# New tank setup



## Chicken of the Sea (Jan 11, 2017)

Hello everyone,
I just set up my 60 gal. Tanganyikan tank and I was wondering if this was a good setup for the tank. I am planning on filling up the space to the left with my shells. My tank will house:
Lamprologus sp. (probably brevis)
Julidochromis sp. (smaller species)
Cyprichromis sp. (non jumbo)

I have lots of other ornaments including a lot of driftwood, but I figured that driftwood was a no no with African Cichlids.

Thanks 
:fish: 
Just set it up today will start the fishless cycle soon!


----------



## Chicken of the Sea (Jan 11, 2017)

Also, is this enough cover for the Cyps? I did not have any taller ornaments


----------



## Chicken of the Sea (Jan 11, 2017)

My intention with the tank is to create 2 spaces for the julis, and break up the sight line between the julis and the shellies so that they aren't constantley looking at eachother and I hope that would lower the risk of fighting between them


----------



## DJRansome (Oct 29, 2005)

What are the dimensions of the tank?

Shellies want shells in a pile with 6" of empty sand as a barrier. Julidochromis want the underside of a flat rock. They will not fight.

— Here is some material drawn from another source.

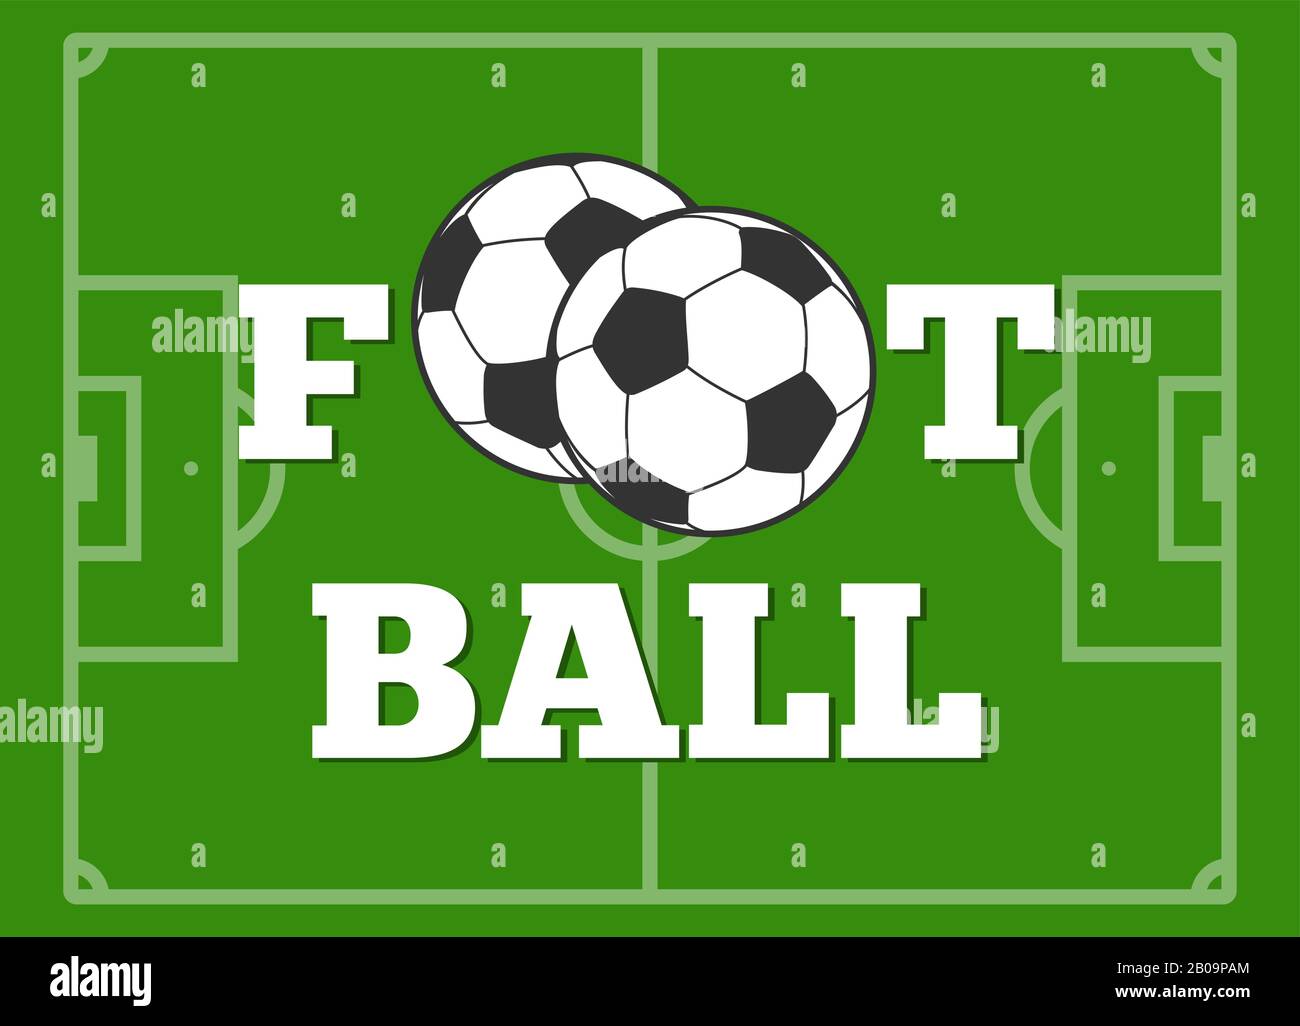 Fußball-Buchstaben und Baller-Grün-Feldvektorillustration. Mannschaft des Fußball-Spiels Stock Vektor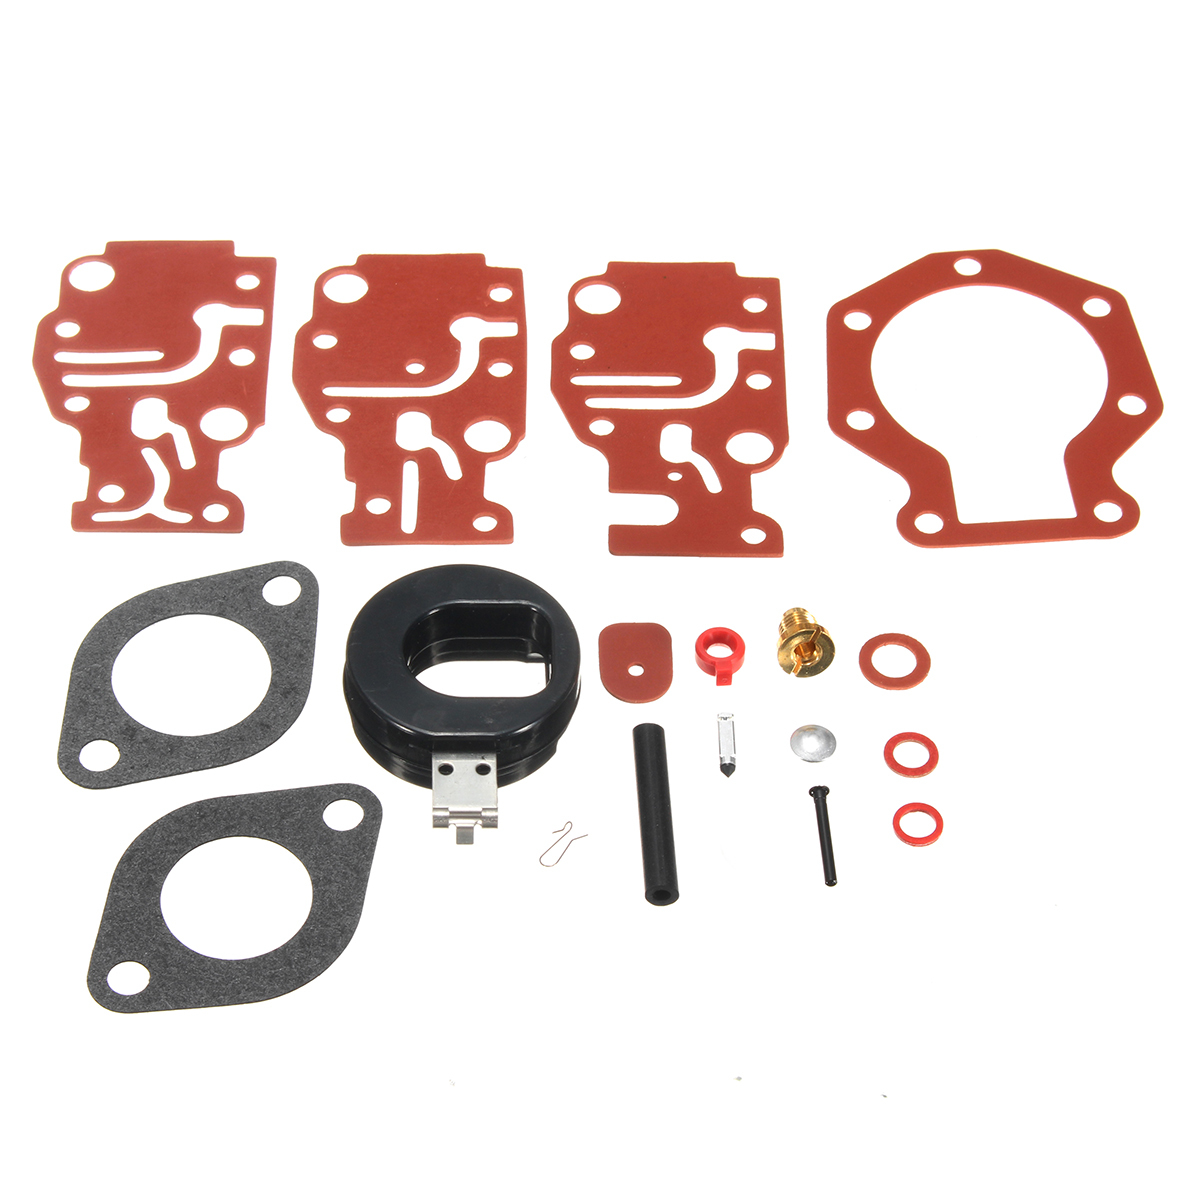 Carburetor Carb Repair Rebuild Tool Kit For Johnson Evinrude 0439073 439073

Cyprichromis need open sand for sleeping. It's the paracyps that need the high caves.


----------



## Chicken of the Sea (Jan 11, 2017)

The tank is 1 ft wide, 4 ft long, and 2 ft tall. And so the will the julis like the big thing in the middle or no? Also, do the cyps sleep on the ground or what?
Thanks


----------



## DJRansome (Oct 29, 2005)

I think you may find the julidochromis going into the cichlid stones.

Yes many cichlids sleep on the ground/sand/bottom.


----------



## Chicken of the Sea (Jan 11, 2017)

So do you think that I should I just scrap the big middle thing?


----------



## DJRansome (Oct 29, 2005)

No I would move it to the cichlid stones area.


----------